You are viewing a plain text version of this content. The canonical link for it is here.

Posted to dev@lucene.apache.org by "Hoss Man (JIRA)" <ji...@apache.org> on 2006/01/21 03:36:41 UTC

[jira] Created: (LUCENE-488) adding docs with large (binary) fields of 5mb causes OOM regardless of heap size

adding docs with large (binary) fields of 5mb causes OOM regardless of heap size
--------------------------------------------------------------------------------

         Key: LUCENE-488
         URL: http://issues.apache.org/jira/browse/LUCENE-488
     Project: Lucene - Java
        Type: Bug
    Versions: 1.9    
 Environment: Linux asimov 2.6.6.hoss1 #1 SMP Tue Jul 6 16:31:01 PDT 2004 i686 GNU/Linux

    Reporter: Hoss Man


as reported by George Washington in a message to java-user@lucene.apache.org with subect "Storing large text or binary source documents in the index and memory usage" arround 2006-01-21 there seems to be a problem with adding docs containing really large fields.

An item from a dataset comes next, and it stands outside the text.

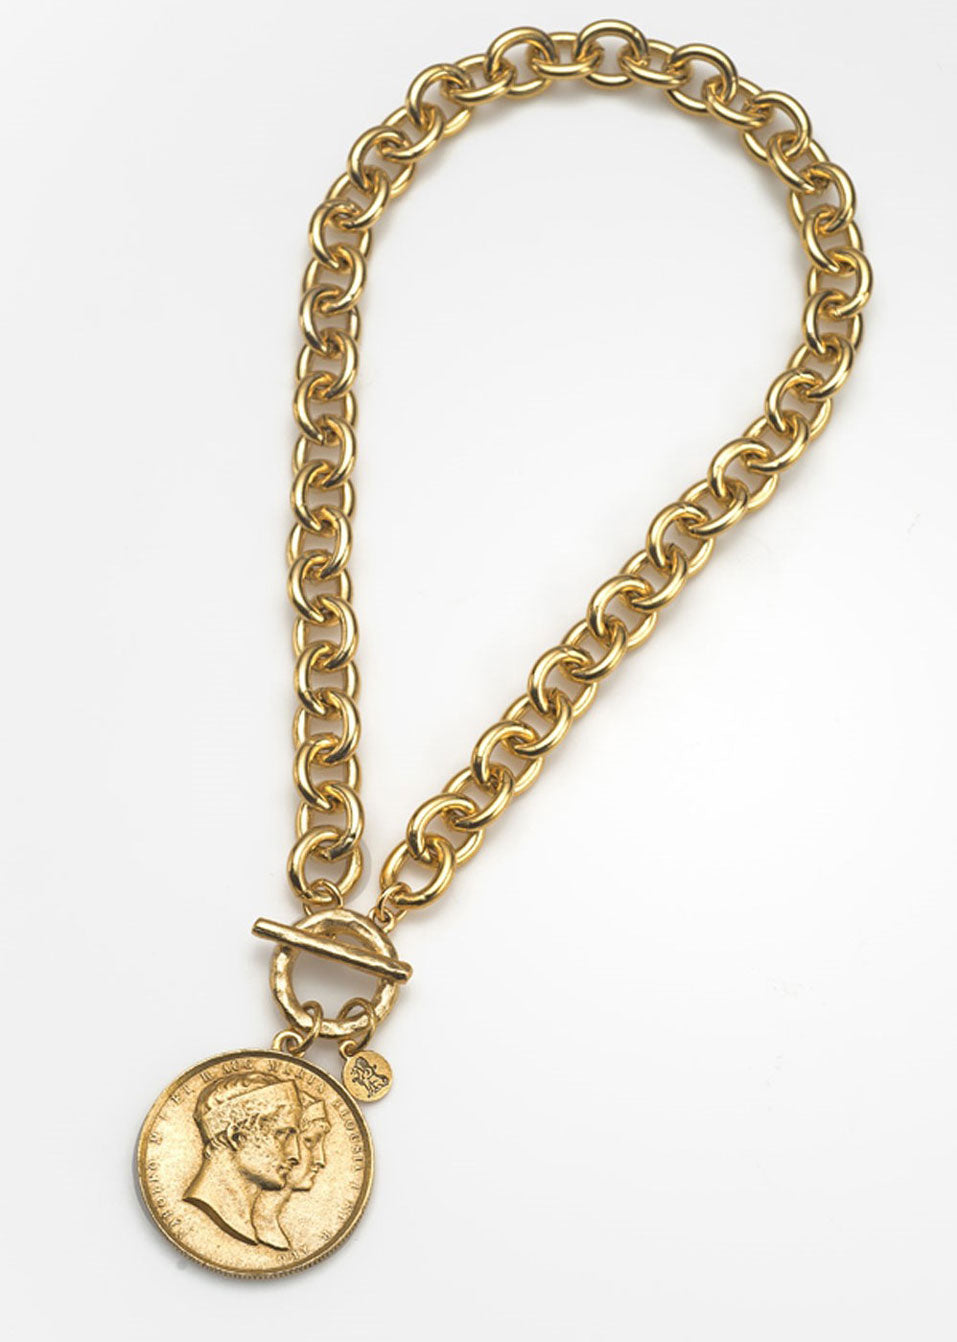 Napoleon Medallion Necklace

I'll attach a test case in a moment, note that (for me) regardless of how big i make my heap size, and regardless of what value I set  MIN_MB to, once it starts trying to make documents of containing 5mb of data, it can only add 9 before it rolls over and dies.

here's the output from the code as i will attach in a moment...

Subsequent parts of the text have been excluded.